# Turkey Fan



## k9wernet (Oct 15, 2007)

I shot my first turkey last spring, and dried the fan using salt and cornmeal. I'm not very happy with the way it turned out. I pinned it, but apparently not very well because it looks a little lopsided or scrunched on one side.

I'm just curious if it would be completely stupid to try to REhydrate it, reset it, and dry it again. I had plans to do a little woodwork and make a wall hanger out of it; complete with the beard, spurs, the tag and shell I used, but right now, it would be better used for fly tying... Not the fate I'd prefer for my first bird!

KW


----------



## chris_kreiner (Sep 6, 2006)

Well for your first bird I would have recommended hiring a professional.

You have to remove all the meat, fat, and grease from the feather quills and skin. If this was not done from the start I don't think there is much you can do about it now. You can try and rehydrate it and fix it but it may or may not work. I've never had to do it. Good Luck!!


----------



## Fur-minator (Nov 28, 2007)

k9wernet said:


> I shot my first turkey last spring, and dried the fan using salt and cornmeal. I'm not very happy with the way it turned out. I pinned it, but apparently not very well because it looks a little lopsided or scrunched on one side.
> 
> I'm just curious if it would be completely stupid to try to REhydrate it, reset it, and dry it again. I had plans to do a little woodwork and make a wall hanger out of it; complete with the beard, spurs, the tag and shell I used, but right now, it would be better used for fly tying... Not the fate I'd prefer for my first bird!
> 
> KW


There is no rule you have to follow. Try to rehydrate i and if that dont work you can go back the the beginning.

I mount my turkeys in 3 parts.

Part 1. The 18 or so long tail feathers.

Part 2. The medium brown feathers.

Part 3. the Irridescant feathers.

You can cut most of the long feathers off and arrange them in a fan position on a piece of paper. I use hot melt glue to hold the feathers together where I want them at the base.

Next you can place the medium brow feathers one by one where they go.

Then ad the small irridescant feathers to the fan and keep placing your wood over the fan to determine how many you need.

*Be sure you have some refference pictures to look at if you don't know which order or how to place the feathers.*

If my instructions weren't clear enough you can ask more specific questions or send me a PM*.*

Here is one that I mounted this way for refference.
Again maybe someone else will have a better way to do it but this is how I would do it.


----------



## Mitchell Ulrich (Sep 10, 2007)

That is a whole lotta' work for for fan!


----------



## Paul Thompson (Jul 16, 2007)

You posted this in the Turkey Forum the other day,, we gave you advice and instructions, and even a link. So whats up with the duplicat post?


----------



## k9wernet (Oct 15, 2007)

Posted this one first and didn't get much by way of replies so I went to the turkey forum with it. Thanks for your advice, I'm planning to work on it in a couple weeks. I'll post photos if it turns out nice... or doesn't! 

KW


----------



## Paul Thompson (Jul 16, 2007)

OH,,,,, ok,,,, good luck with the fan, would love to see the finished product.


----------



## Fur-minator (Nov 28, 2007)

Mitchell Ulrich said:


> That is a whole lotta' work for for fan!

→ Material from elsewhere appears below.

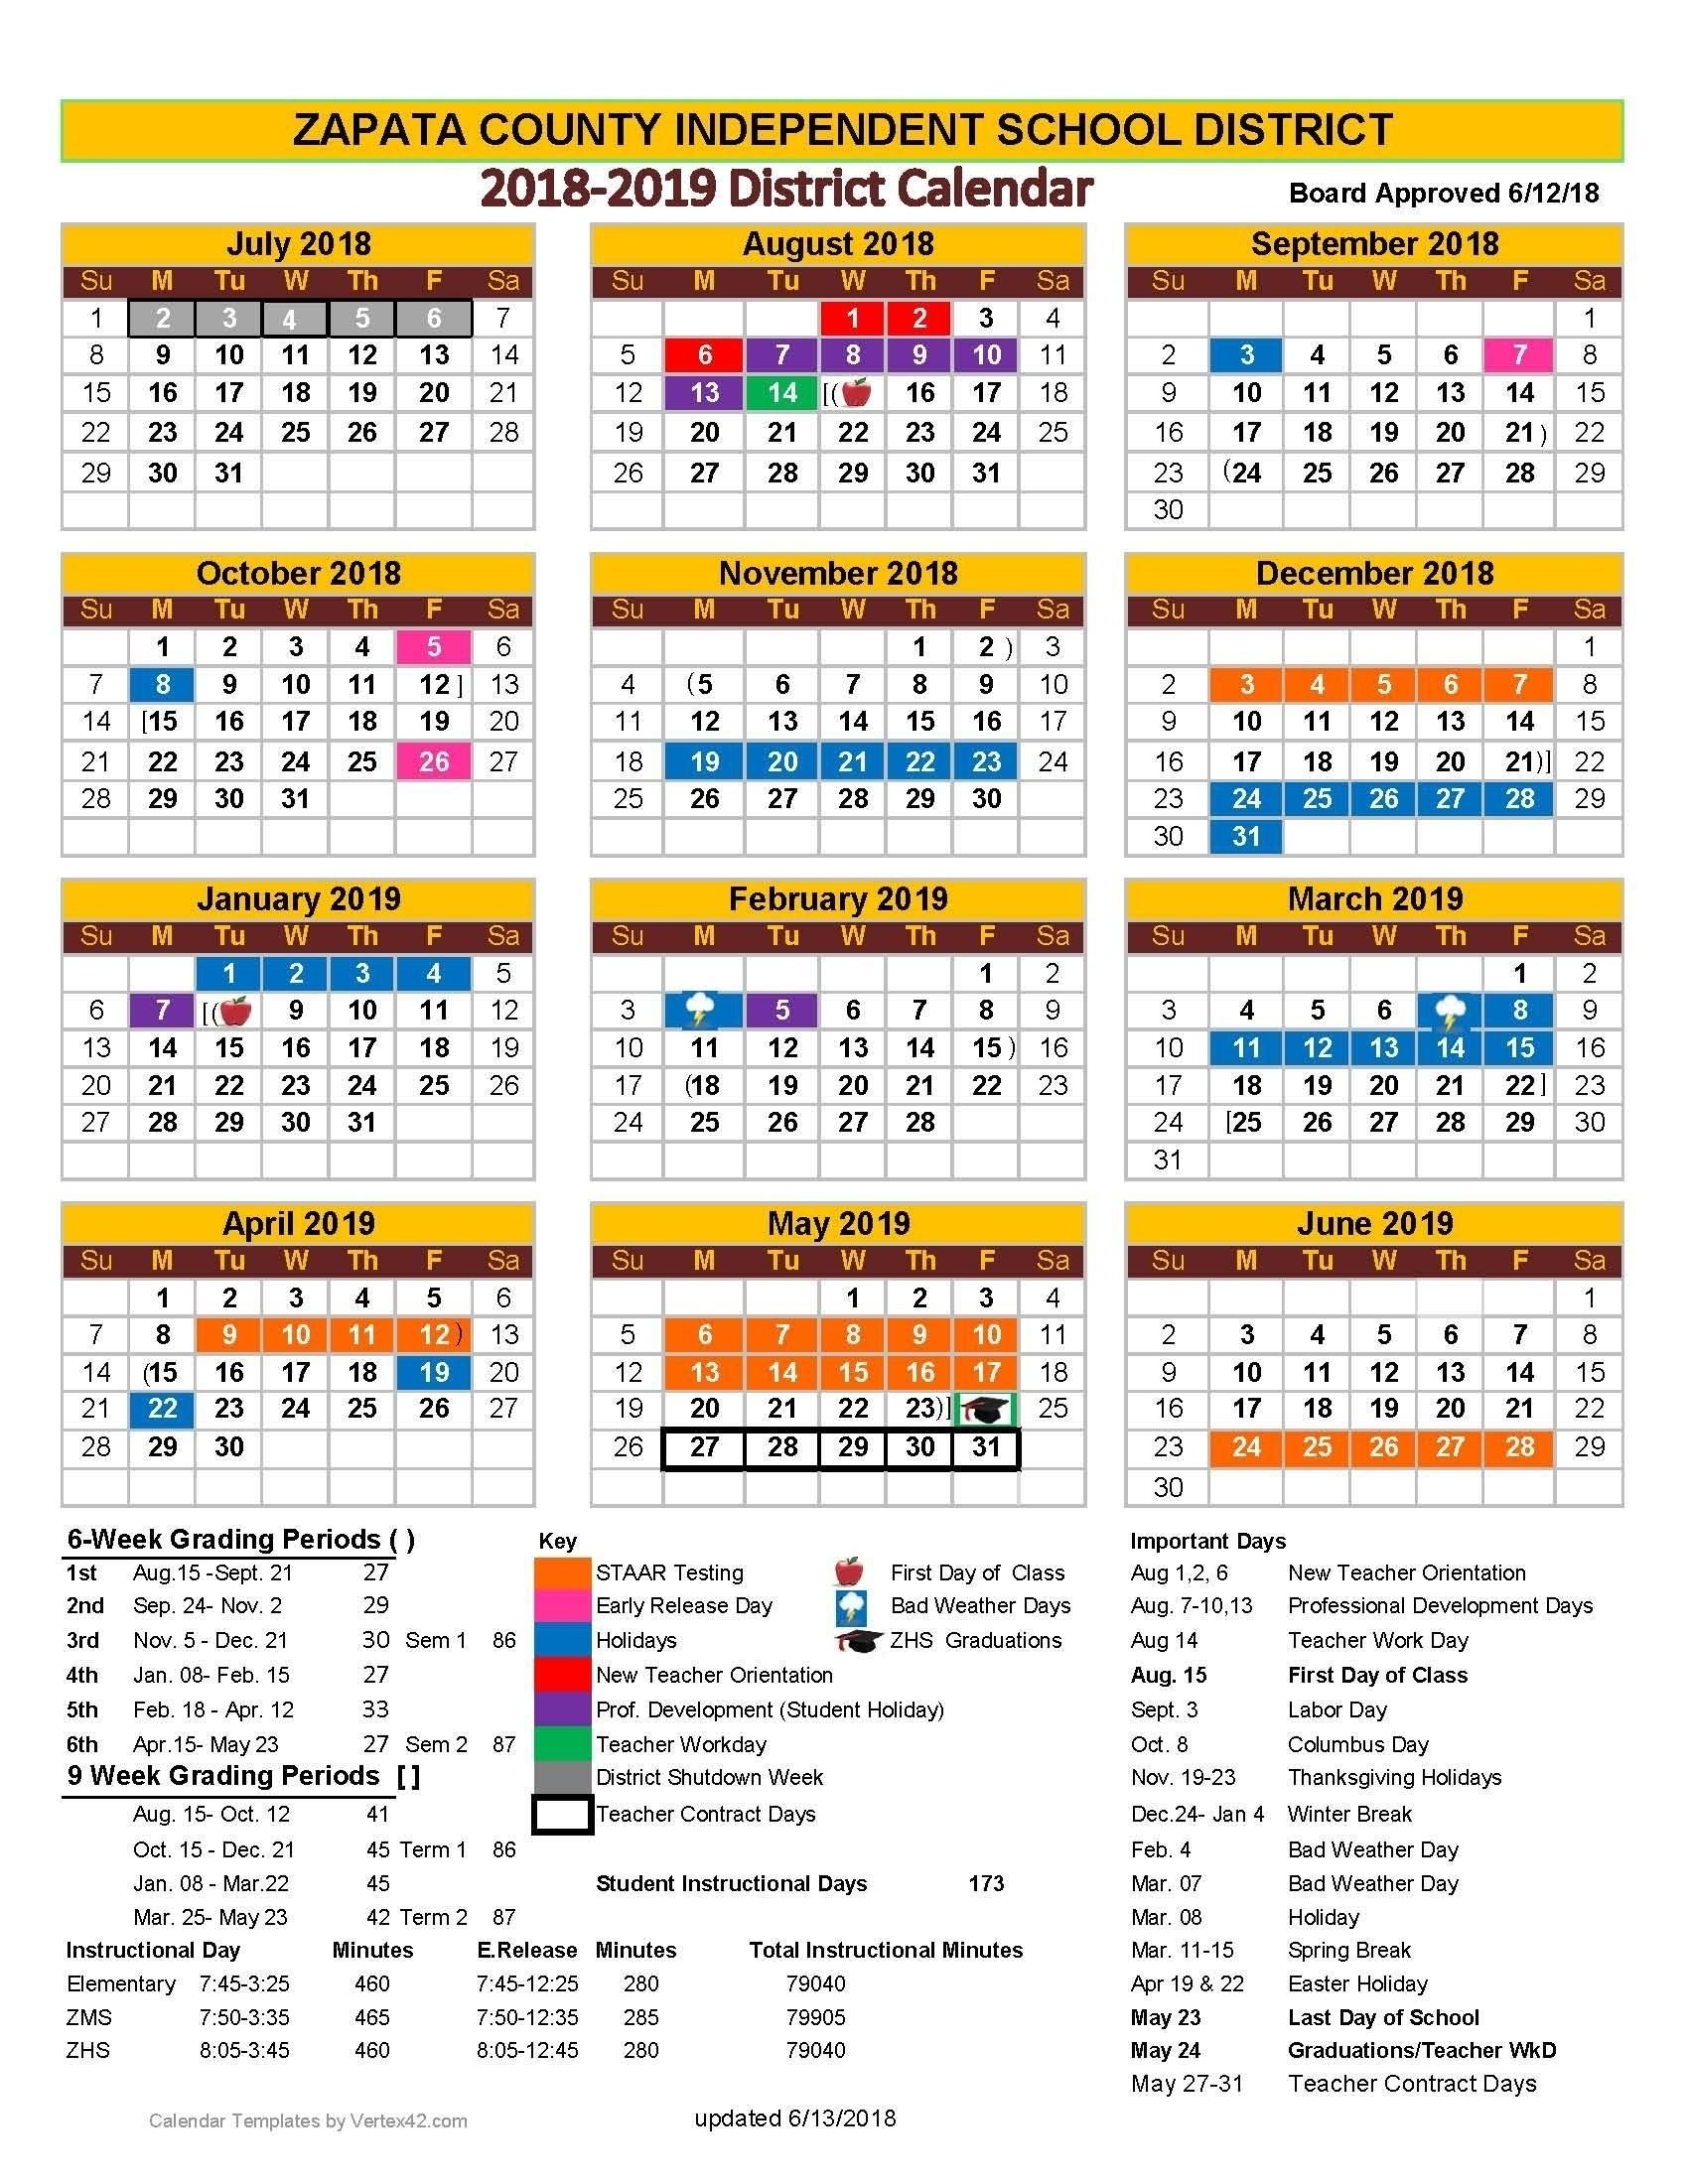 Extraordinary U High School Calendar • Printable Blank Calendar Template_U High School Calendar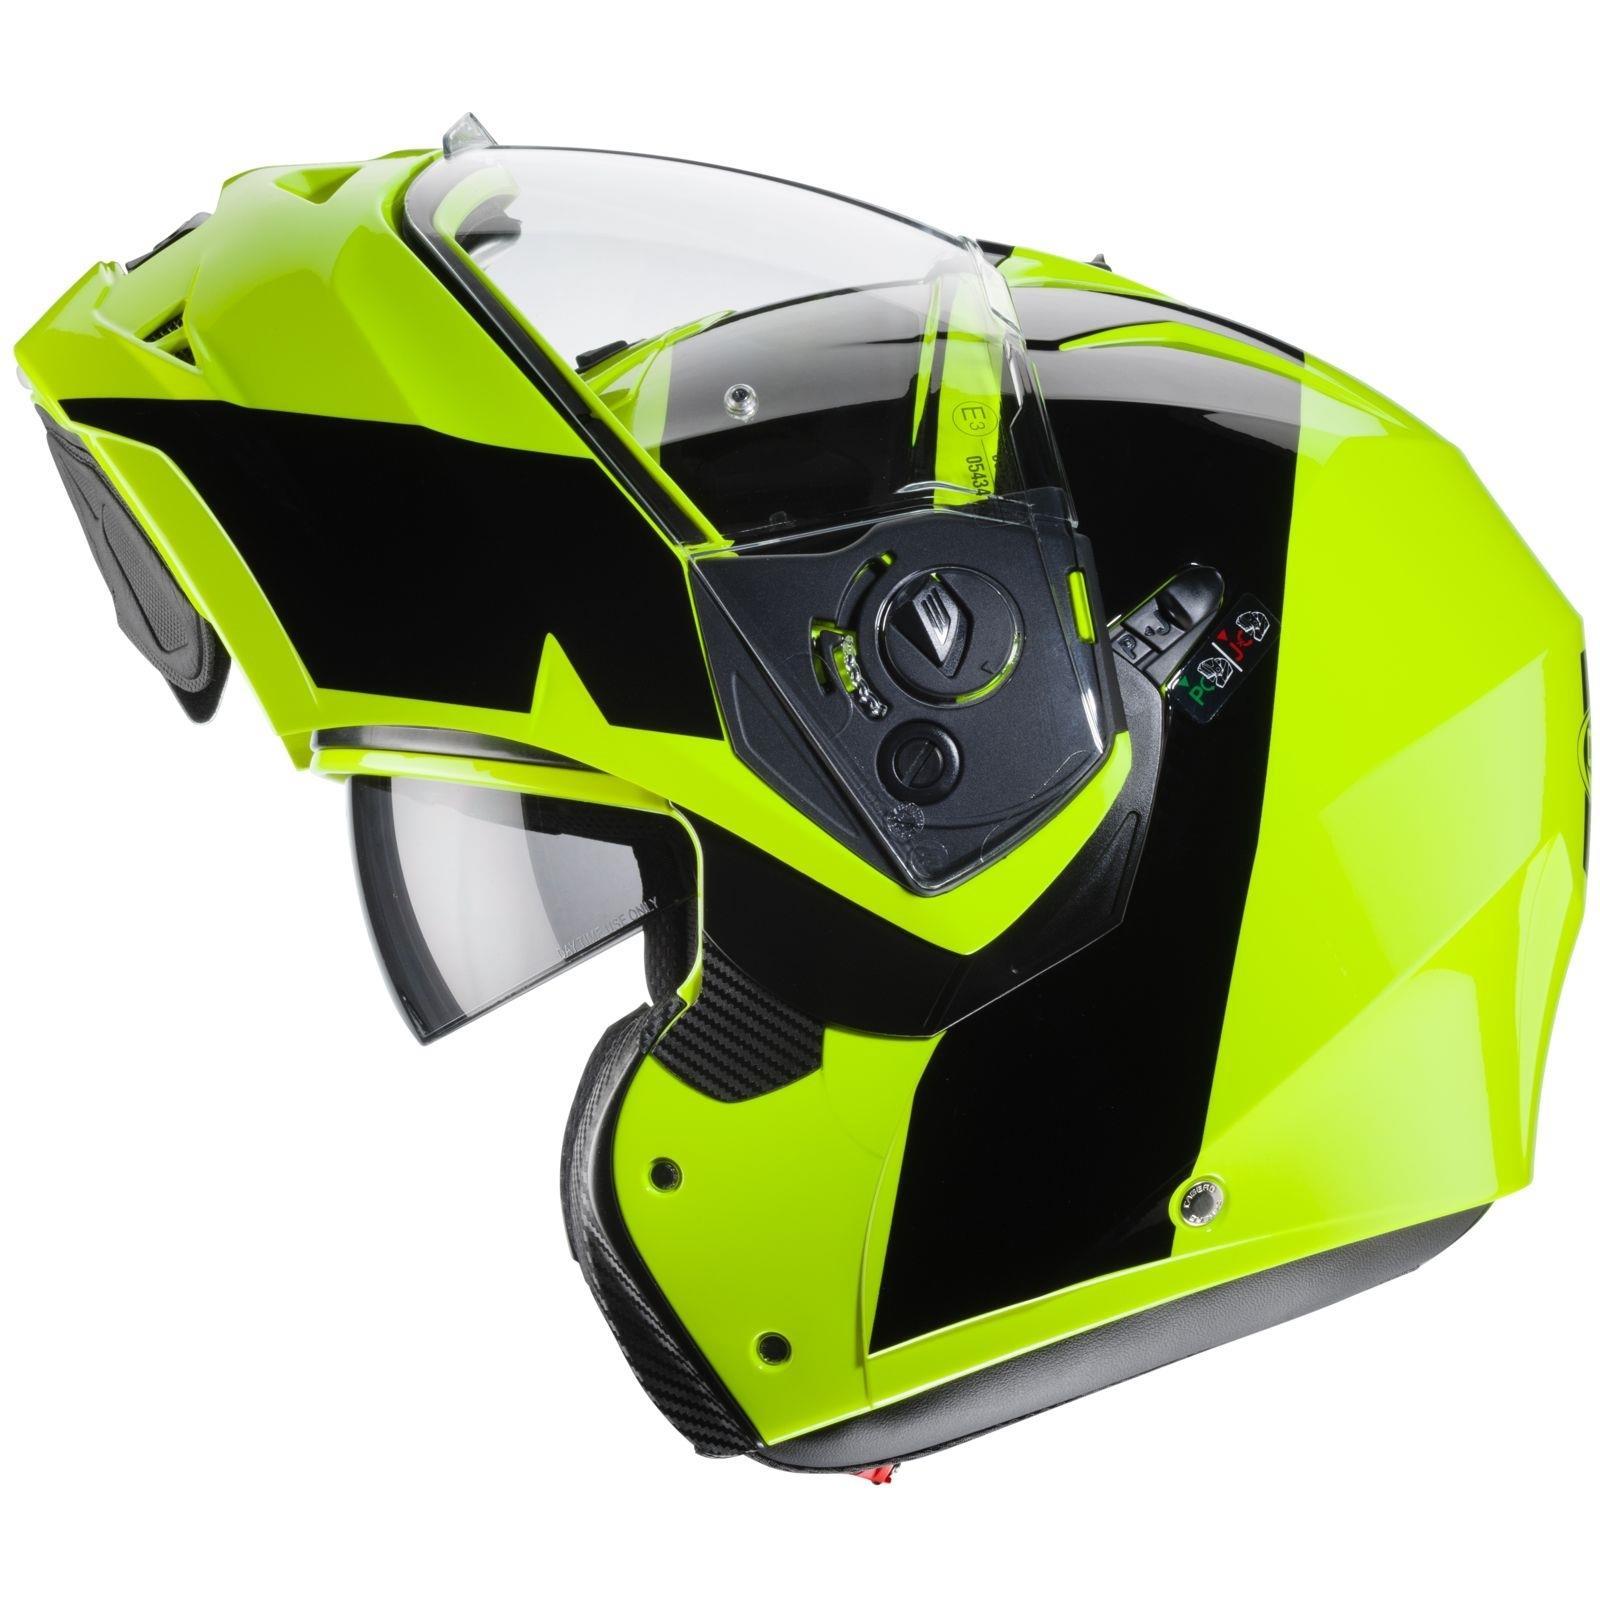 Caberg-Klapp-Helm-Duke-II-2-Motorrad-Belueftet-Sonnenblende-Pinlock-Visier-Jet Indexbild 38

I'm not out to make money. I'm sure you guys that make $$ doing it have to have a fast system that turns out good. I have done it several ways but this seems to work for me. The fan is alot thinner and lets the wood rest entirely against the wall. I figured this may be a way to save his mount only if the rehydration didn't work.

I respect the amount of work you guys put into all of your mounts. You are definitely under payed.


----------